6.3. Amendments; Waiver. This Agreement may not be modified, nor shall any provision hereof be waived or amended, except in a writing duly signed by authorized representatives of the Parties. A waiver with respect to one event shall not be construed as continuing, or as a bar to or waiver of any right or remedy as to subsequent events. The Parties agree to take such action as is necessary to amend this Agreement from time to time as is necessary for compliance with the requirements of the HIPAA Rules and any other applicable law.

6.4. Interpretation. Any ambiguity in this Agreement shall be interpreted to permit compliance with the HIPAA Rules.

6.5. No Third-Party Beneficiaries. Nothing express or implied in this Agreement is intended to confer, nor shall anything herein confer, upon any person other than the Parties and the respective successors or assigns of the Parties, any rights, remedies, obligations, or liabilities whatsoever.

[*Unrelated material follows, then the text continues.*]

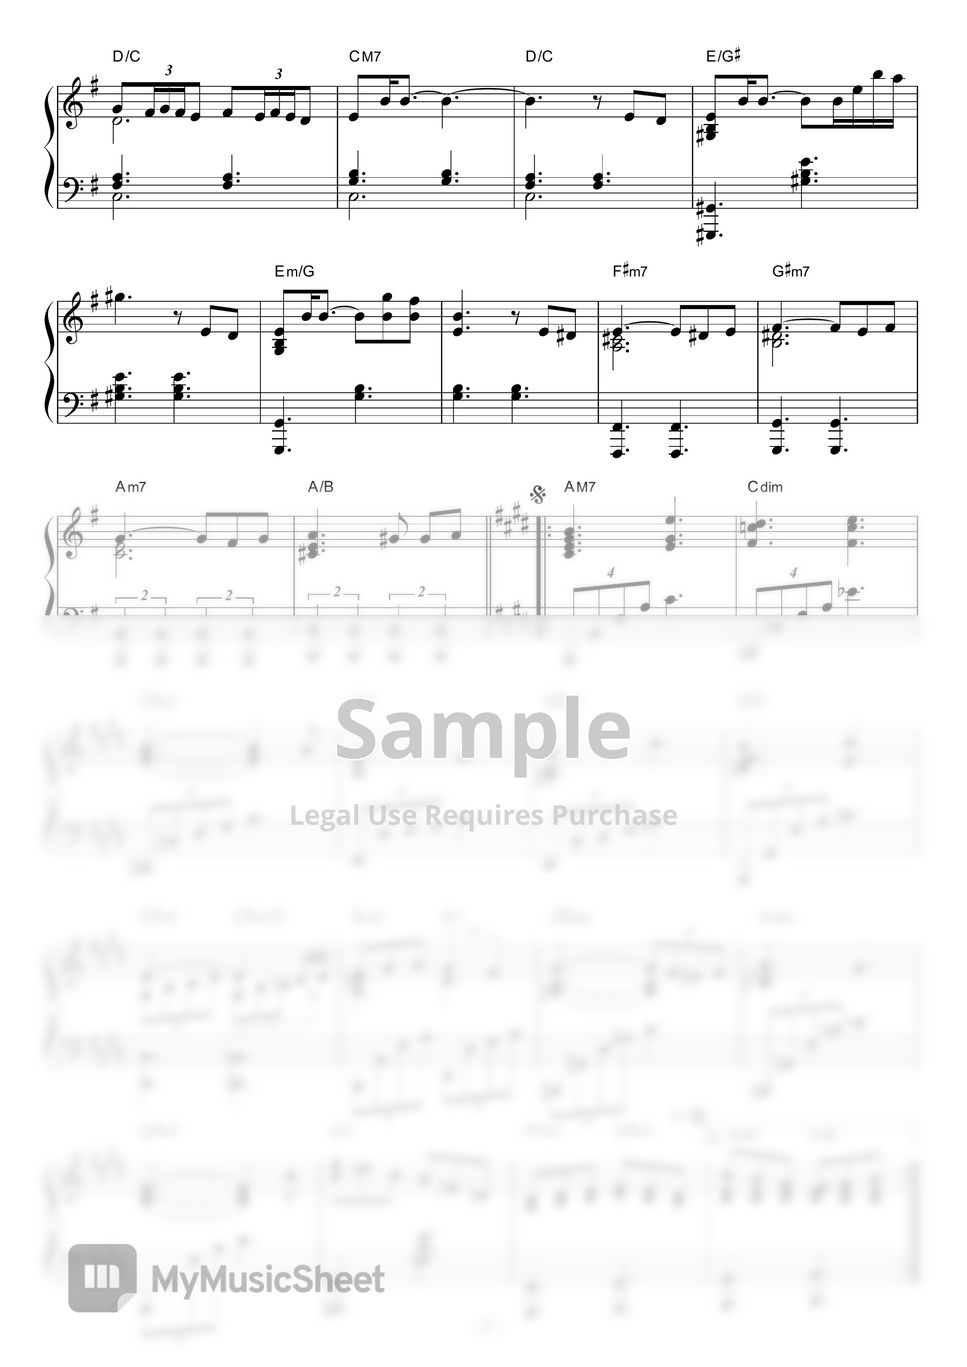 bohemianvoodoo - 石の教会 by piano*score

6.6. Notices. Any notices to be given hereunder to a Party shall be made as described in the applicable services agreement or via U.S. Mail or express courier to such Party’s address given below.

If to Business Associate, to:

2 Step Reviews LLC

____________________

____________________

Attn: _______________

If to Covered Entity, to:

The current address associated with Client’s 2 Step account, where applicable.